Stafford Hospital death probed by HSE
A criminal investigation into the death of a diabetic woman at Stafford Hospital in 2007 has been launched, the Health and Safety Executive has said.
Gillian Astbury, 66, from Hednesford, died after going into a diabetic coma at the scandal-hit hospital.
An inquest in 2010 found the failure to administer insulin amounted to a gross failure to provide basic care.
The HSE said the decision to launch an investigation was deferred until after a public inquiry.
A report by the chair Robert Francis QC into a higher than expected number of deaths at the hospital from 2005 to 2009 was published in February.
Mrs Astbury was admitted to the hospital in April 2007 after a minor fall and was being treated for fractures to her arm and pelvis.
The inquest in 2010 at Stafford Coroners Court heard Mrs Astbury's blood sugar levels were not properly monitored and insulin was not administered on the day before her death, despite being prescribed by doctors.
The jury returned a narrative verdict and said a failure by nursing staff to record glucose levels, communicate effectively and read clinical notes contributed to her death.
'Back in time'
One of the nurses who looked after her told the inquest she was "shocked" when she first started working at Stafford Hospital.
Senior staff nurse Patricia King told the hearing: "It was like going back 20 years coming to this ward."
She said staff on the ward had to "muddle through" in poor conditions, with no office or nursing station and a shortage of nurses and support workers.
The HSE confirmed its inspectors had formally started an investigation.
A spokesman said: "Our focus will be on establishing whether there is evidence of the employer (the Trust) or individuals failing to comply with their responsibilities under the Health and Safety at Work Act."
The Mid Staffordshire NHS Foundation Trust has renewed its apology to her family.
Julie Hendry, from the trust said: "Mrs Astbury's death was reported as a serious untoward incident at the time and a full investigation into her care and treatment was carried out.
"The recommendations from that investigation were implemented.
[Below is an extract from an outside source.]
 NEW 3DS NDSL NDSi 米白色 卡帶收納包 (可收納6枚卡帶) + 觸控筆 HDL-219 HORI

Actions included raising staff awareness about the care of diabetic patients and improving the information and system for nurse handovers.
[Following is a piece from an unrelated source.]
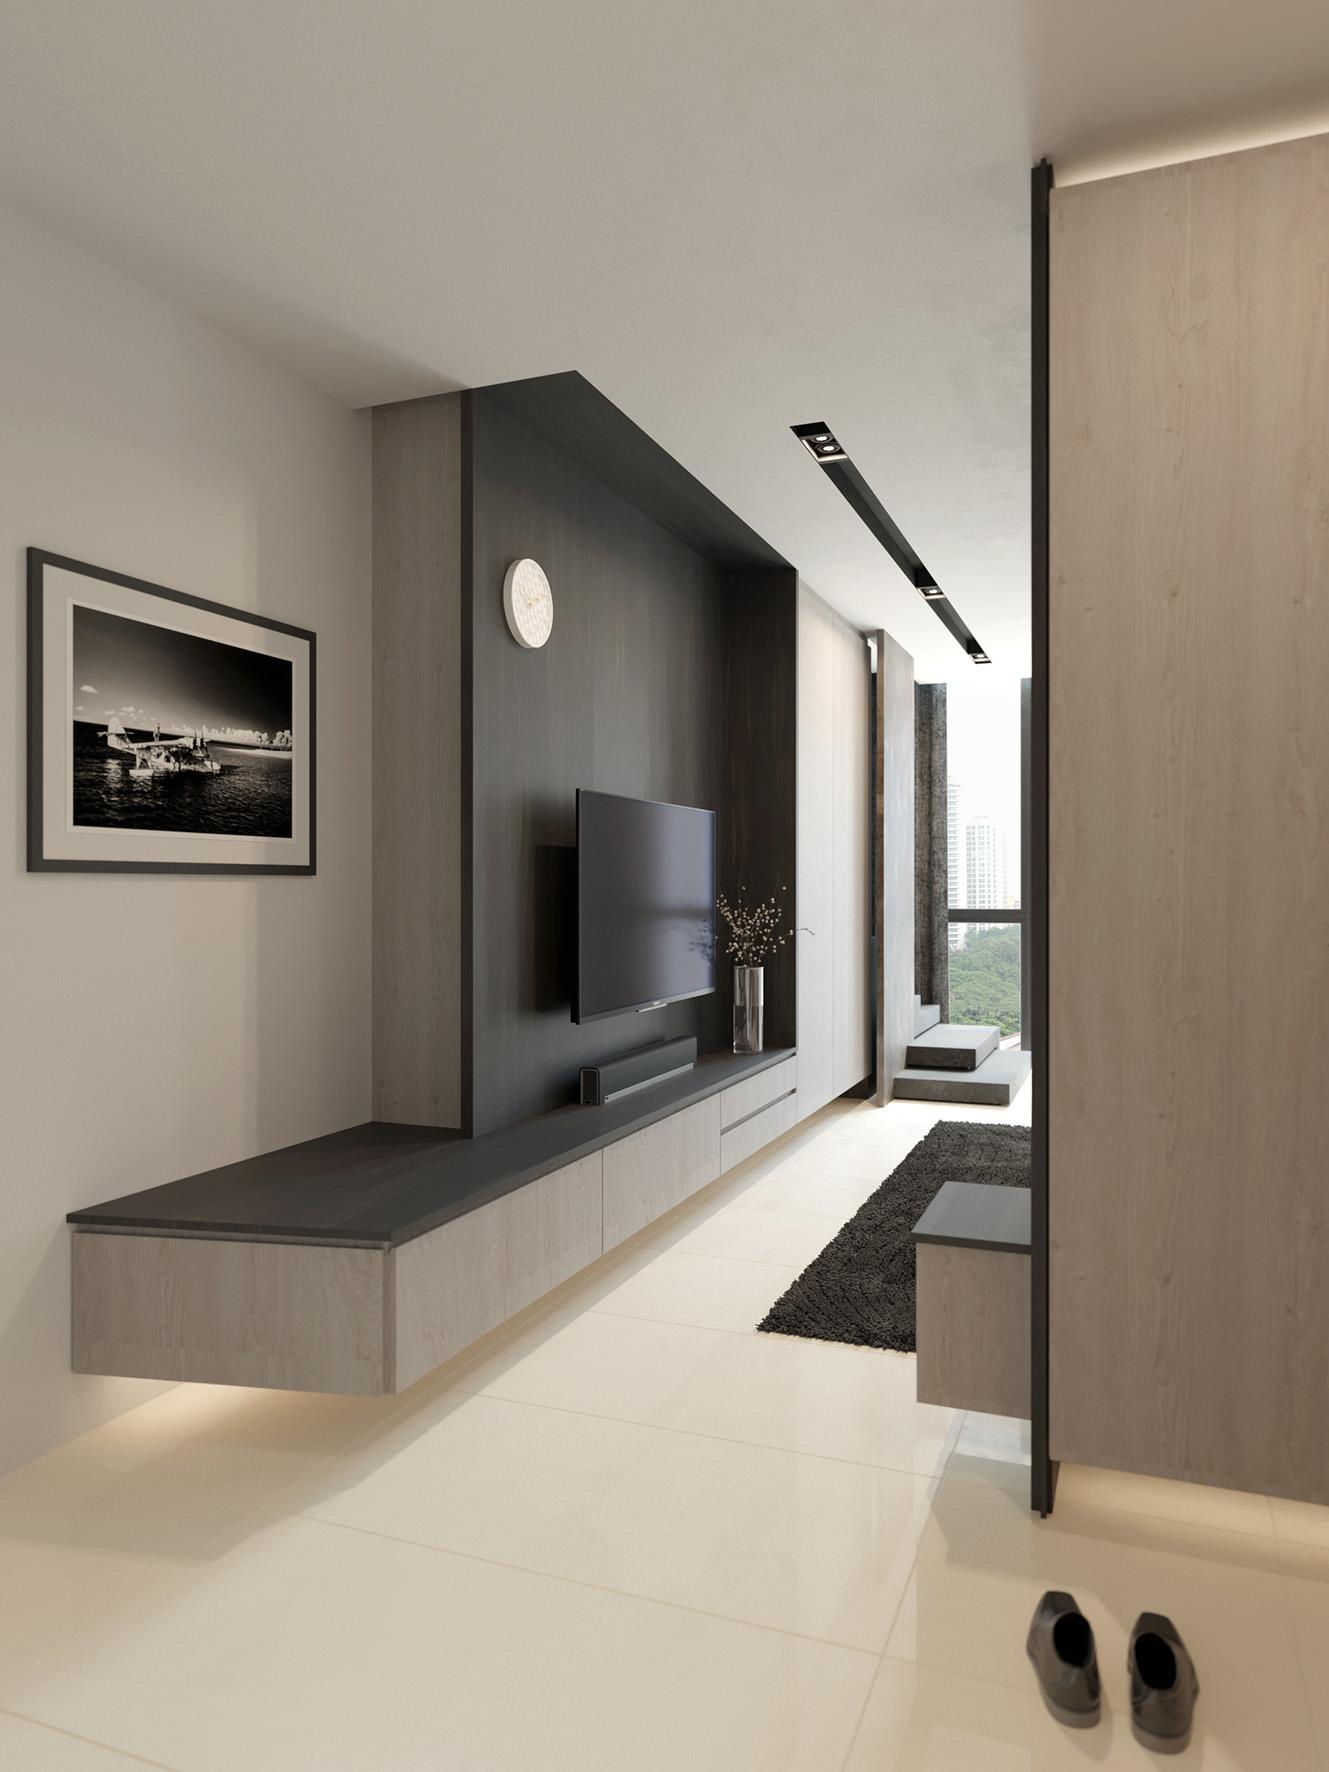 01 Foyer to Living

"In 2010 we reviewed Mrs Astbury's dreadful care and as a result, disciplinary action was taken.
"We will of course co-operate fully with the Health and Safety Executive's investigation."
Campaign group Cure the NHS, which has fought for senior figures to be held to account for failings at the hospital, welcomed the investigation, but noted that it had taken six years.
In a statement it said Mrs Astbury's death served as a "tragic reminder of the appalling care many patients and their families were forced to endure".
The group said: "Her death and the failure of the Trust or the West Midlands Strategic Health Authority (SHA) to properly investigate and ensure action was taken shows why the public inquiry into the Mid Staffordshire Trust was so important."
A police investigation was launched after her death, but the Crown Prosecution Service ruled there was insufficient evidence to bring charges.
In a statement, Staffordshire Police said: "The matter was also referred to the Health and Safety Executive, which has now decided to carry out its own investigation.
"Staffordshire Police and the HSE form part of the multi-agency group that is reviewing information brought to light by the Francis Inquiry Report."
The public inquiry, the fifth of its kind into failings at Stafford, heard hundreds of patients may have died needlessly after they were "routinely neglected".
Many were left lying in their own urine and excrement for days, drank water from vases or given the wrong medication.